Doxorubicin treatment induces tumor cell death followed by immunomodulation in a murine neuroblastoma model

Chemotherapy of malignant tumors induces tumor cell death. Numerous antitumor agents induce apoptosis of tumor cells, which are subsequently engulfed by phagocytes, initiating an immune reaction. The induction of immunogenic cell death by antitumor agents may be advantageous for antitumor immunity. The purpose of this study was to determine whether doxorubicin is capable of inducing an immunogenic reaction in murine neuroblastoma cells.

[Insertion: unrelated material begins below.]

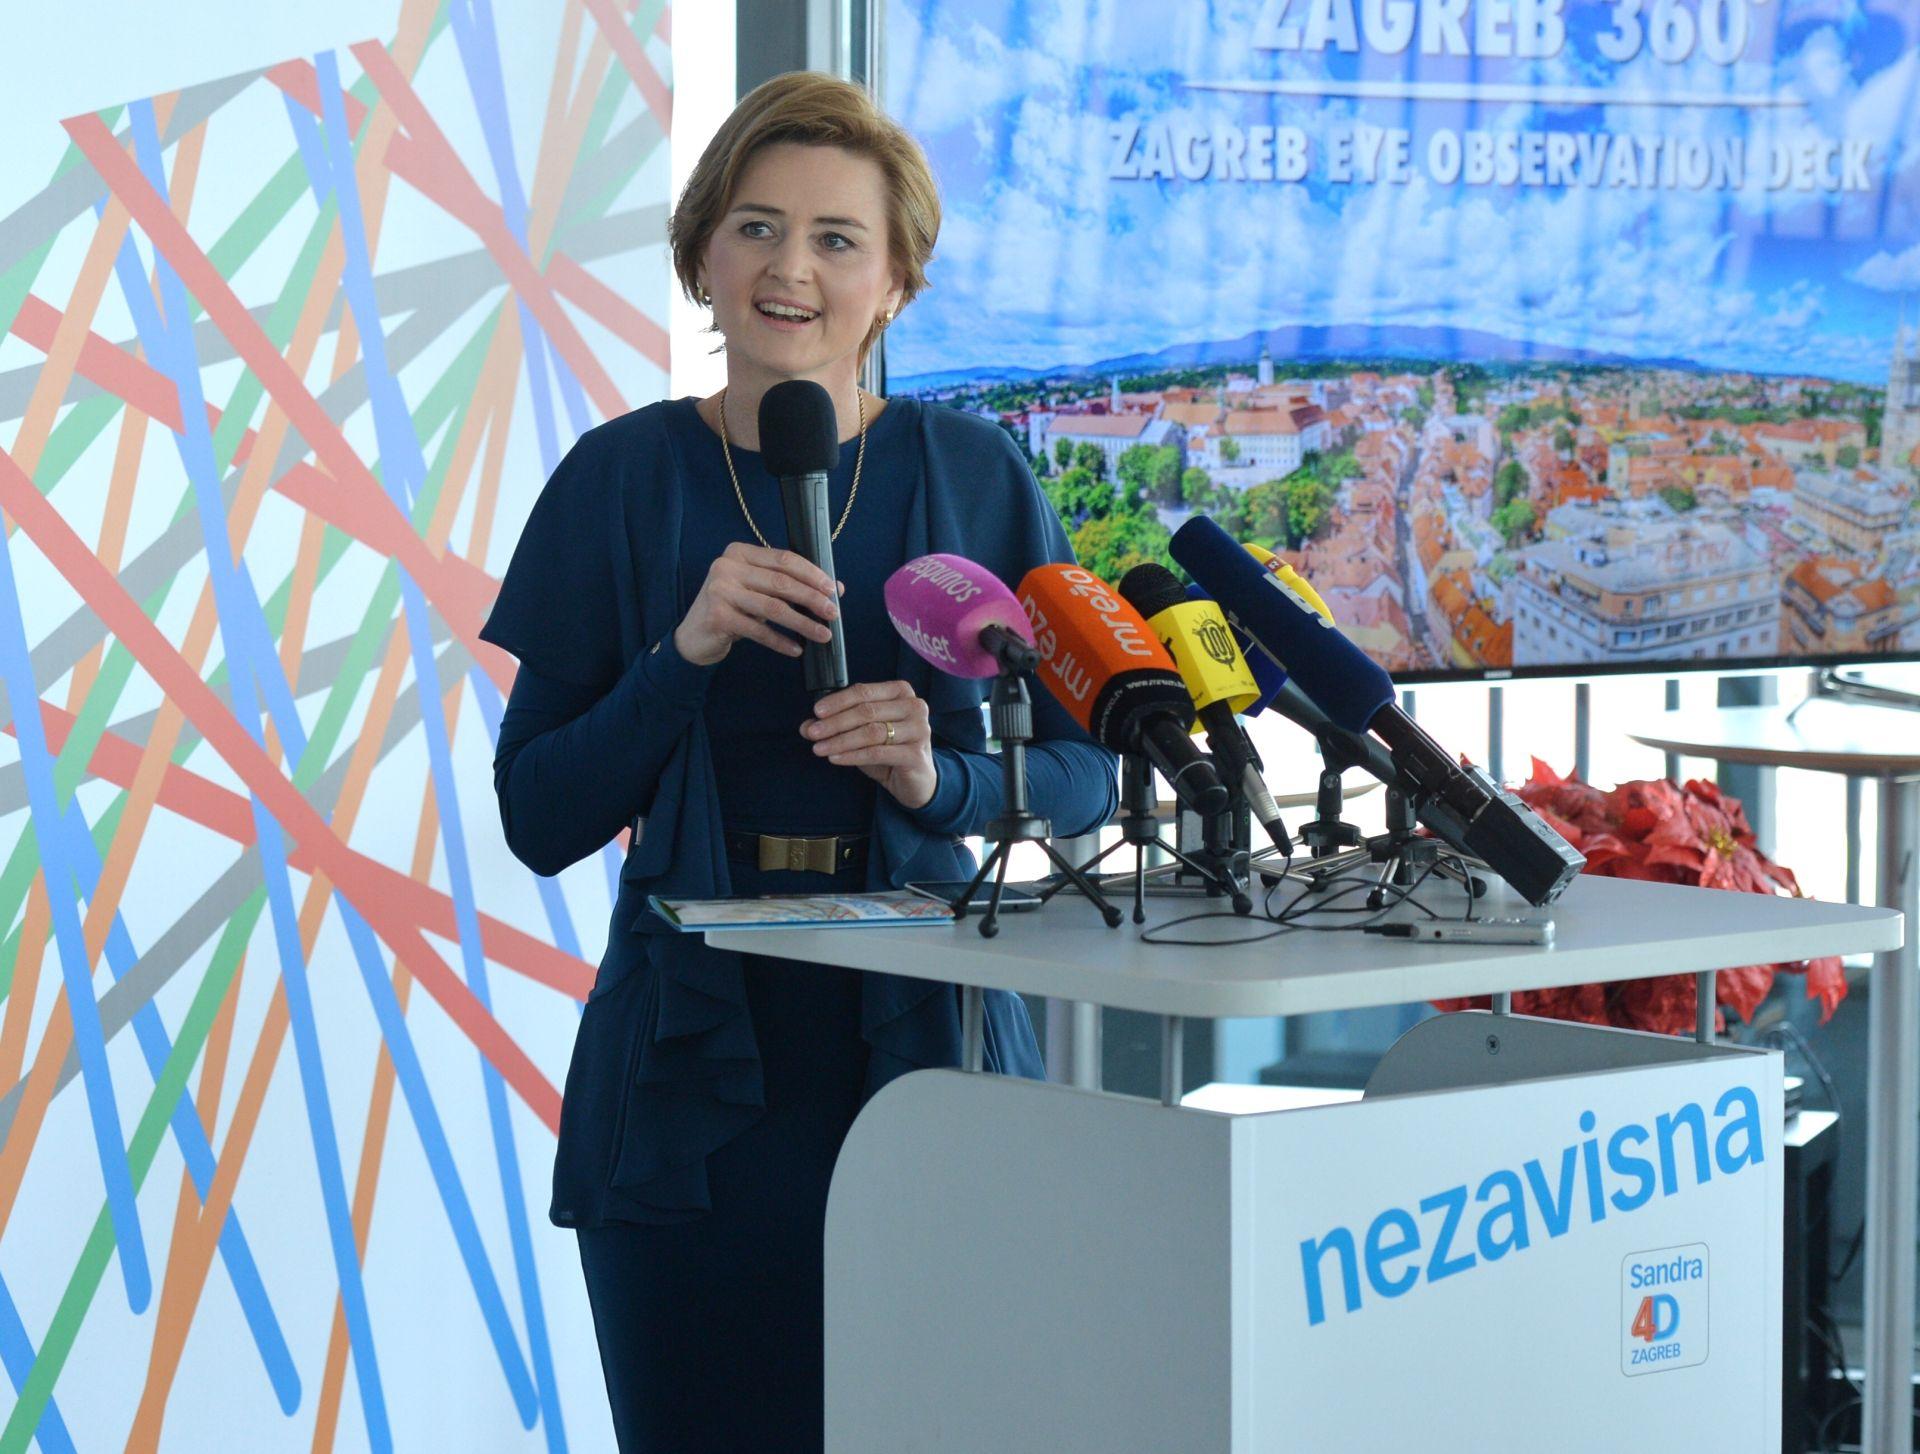 'RAZVOJ U 4D': Švaljek predstavila politički program i stručni tim za Zagreb

The murine neuroblastoma cell line (neuro-2a cells) was cultured in a medium containing doxorubicin or cisplatin (CDDP), and induction of cell death was confirmed by cell viability assays. Cluster of differentiation (CD)8α(+) lymphocytes were co-cultured with neuro-2a cells that had died following treatment with either doxorubicin or CDDP, and CD11b(+) spleen cells or bone marrow-derived dendritic cells (BM-DCs) were added to the culture. Proliferation of CD8α(+) lymphocytes and interferon (IFN)-γ production were evaluated. When CD8α(+) cells were co-cultured with doxorubicin-treated neuro-2a cells and BM-DCs, CD8α(+) cells reacted to anti-CD3/CD28 antibody stimulation, proliferated and increased IFN-γ production. IFN-γ production was more effectively promoted by co-culture with doxorubicin-treated neuro-2a cells than by co-culture with CDDP-treated neuro-2a cells. These findings suggest that doxorubicin is capable of inducing immunogenic cell death in neuroblastoma cells, and thus has an immunological advantage for chemotherapy of neuroblastoma compared with CDDP. BM-DCs are considered to be the key antigen-presenting cells in the immune reaction following the induction of immunogenic neuroblastoma cell death and phagocytosis.